What happens in Vivian Apple is fascinating: over time a new religion, the Church of America, has risen to power and proclaims that the rapture will happen on a certain date, leaving everyone else behind. And then the rapture does indeed appear to happen, leaving those behind to wrestle with this new world and their own personal losses. Those who had doubt and did not question said doubt now begin to question it. Slowly, chaos erupts as food resources become scarce and power vacuums are filled with believers that have a definite agenda. In all of this are fascinating examinations of faith and doubt, power, gender roles, the influence of the church over not only personal every day life but things like education and government, and consumerism. There are of course some interesting twists and turns along the way which both make the story an entertaining read but further illuminate some of today’s real world issues with a bit of side eye.
Vivian Apple also highlights some of the sins of the church, though in this case it is a made up church which is standing in for any number of churches that truly exist in our world today. People aren’t just cast out for their unbelief or sinful ways, they are set on fire, murdered in the street, punished for being unbelievers or worse. After being baptized believers are removed from public school because their teachings don’t agree with church teachings, and there is some great discussion in here about faith, reason and science.
But Vivian Apple is not necessarily anti-faith, as represented by a beloved teacher named Wambaugh. She provides a balance and voice in the midst of this chaos that reminds us that one faith isn’t necessarily more legitimate than another, but that you also can’t conflate all believers into one category. They’re not all violent or hateful, some of them choose a different faith path. She has a profound discussion with Vivian, who is surprised to learn that Wambaugh has any faith at all, about how she finds comfort and guidance in her belief system. Everything she says in this discussion is relevant and profound and moving to me. “It’s not up to me to tell you what you should believe in. That’s the thing you’ve got to figure out for yourself,” she says, which is of course one of the main parts not only of Vivian’s journey, but of all people every where, especially teenagers.
As I mentioned, there were a lot of interesting discussions in this book and I literally began turning down the pages to mark the places that I wanted to revisit (see the picture to the left). And I read parts of it out loud to a friend and we then had those fascinating discussions.

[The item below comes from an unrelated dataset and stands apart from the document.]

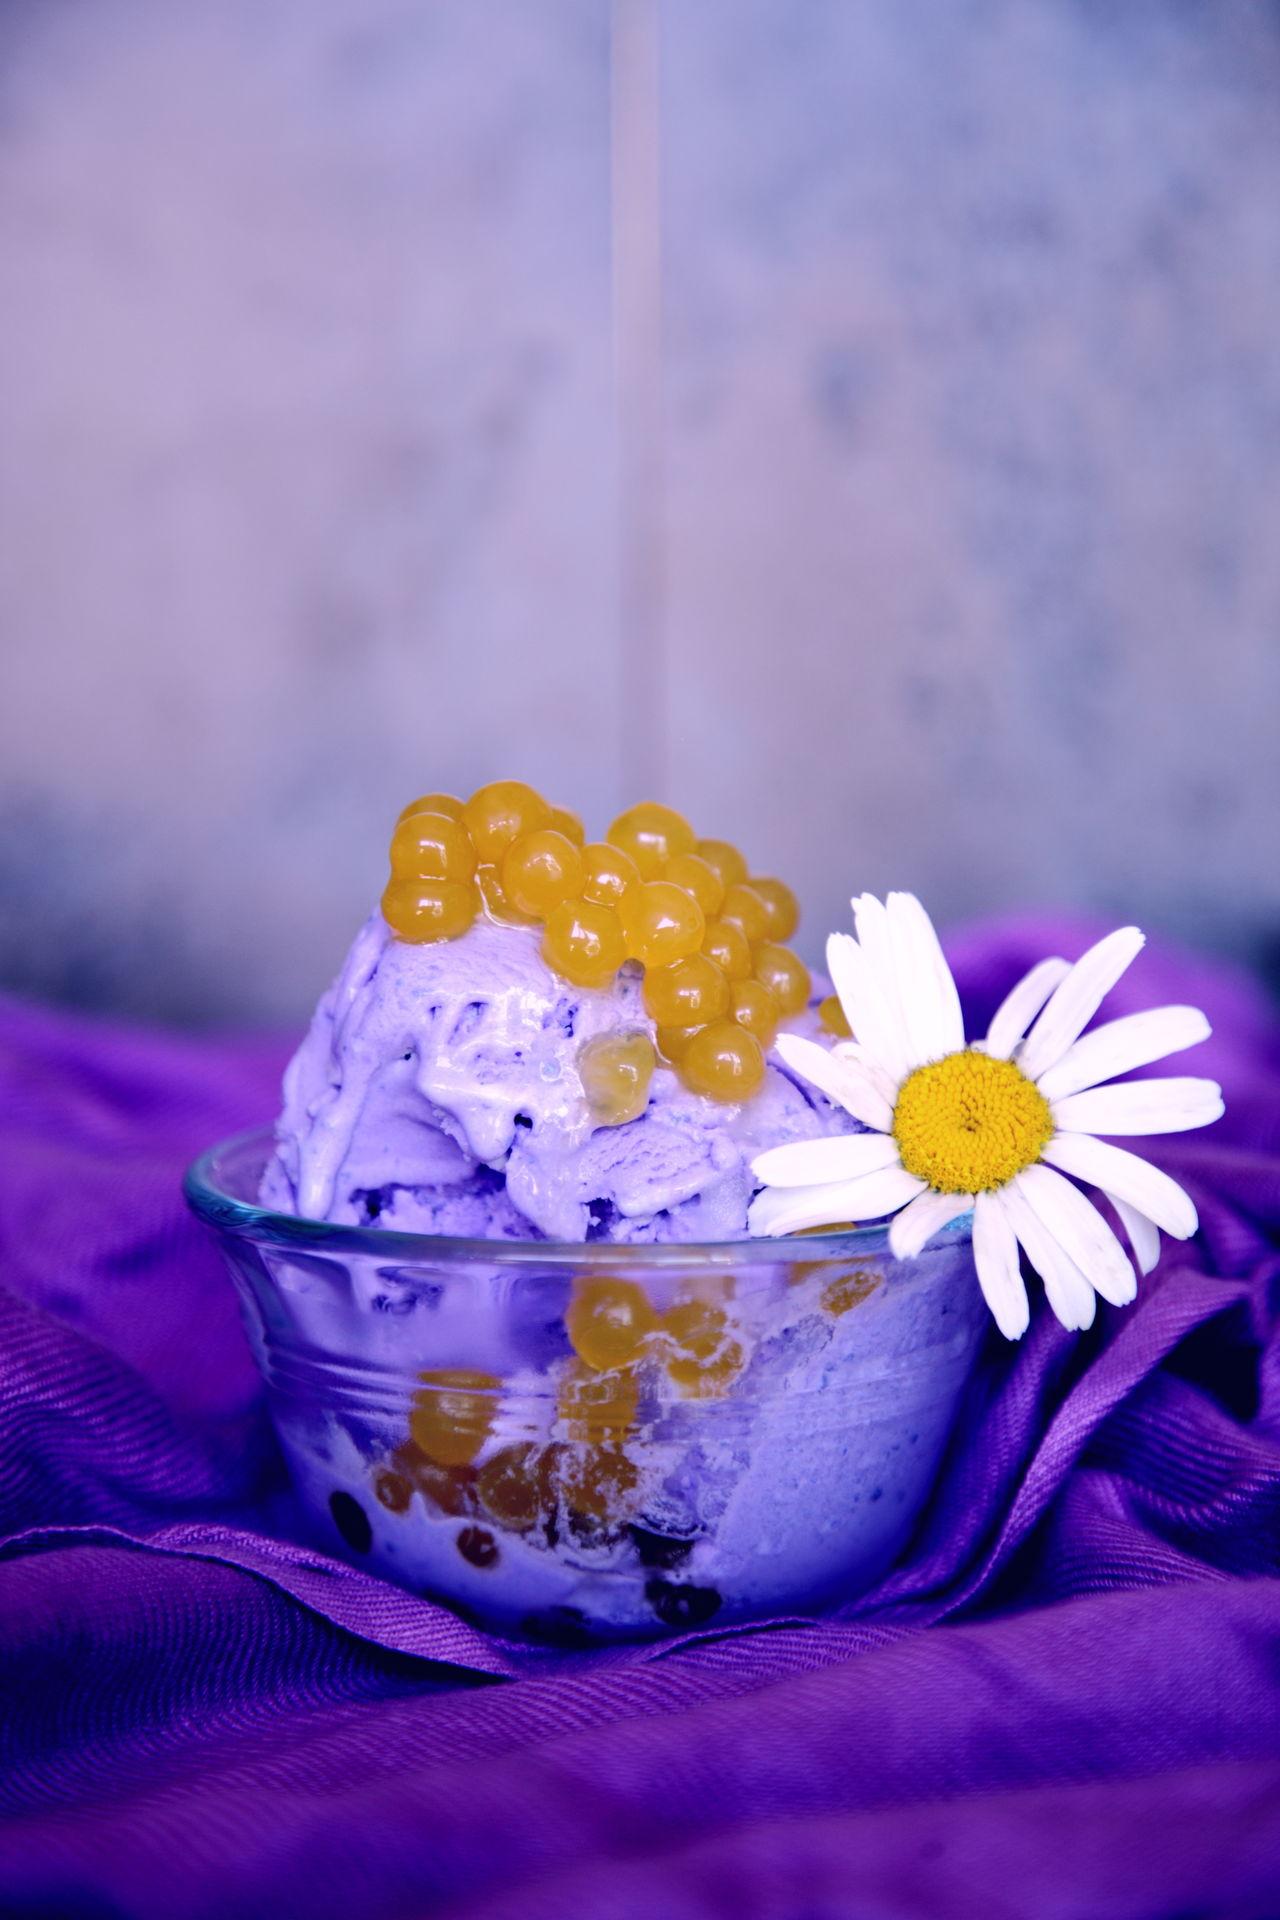 Boba Caviar Cold Colors Daisy Dessert Filipino Filipinofood Flower Food Food Styling Frozen Fun Gelato Gold Helado Ice Cream Mango Pearls Purple Sweet Food Tapioca Ube  Violet Yam

Some of My Favorite Quotes:
“The way we live our lives is not sustainable. I don’t just mean recycling and turning off the faucet while brushing your teeth. I mean the way we treat each other. The way we pick and choose whose lives are important – who we actually treat as human. There is nobody on this earth whose life is not of value. And that includes those of us who have been left behind. Maybe they did go to some Christian heaven. But what I’m saying is, we’re good people too. We’re worthwhile people. I’d vouch for every last one of you.”
“Don’t be the kind of person who sees groups instead of people.”
Simply profound. That is all.
At one point there is a discussion about whether or not Vivian’s parents were raptured:
“Let’s say they chose to hide in the desert instead. That still means they left me. My parents left me and chose a church instead. Can you explain that, please? Because I don’t understand.”
Although the scenarios are different, this idea resembles what we see happening in No Parking at the End Times by Bryan Bliss where the family sells all their possessions and literally becomes homeless waiting for the rapture to happen. In both scenarios the parents abandon parental responsibility, or in the case of Vivian it is one of the scenarios posited that her parents chose to abandon her.
“It was then that I realized: the scope of my parents’ vision for me had narrowed dramatically. Where once they must’ve stood over my crib and wondered what sort of woman I’d grow up to be, now they saw only a thin line between glory and damnation. And at the rate I was going, I was doomed. They loved me still. I could see all the fear and hope in their eyes as they waited for my response; I could see that they still stood just on the precipice of heartbreak. But they no longer believed in me.”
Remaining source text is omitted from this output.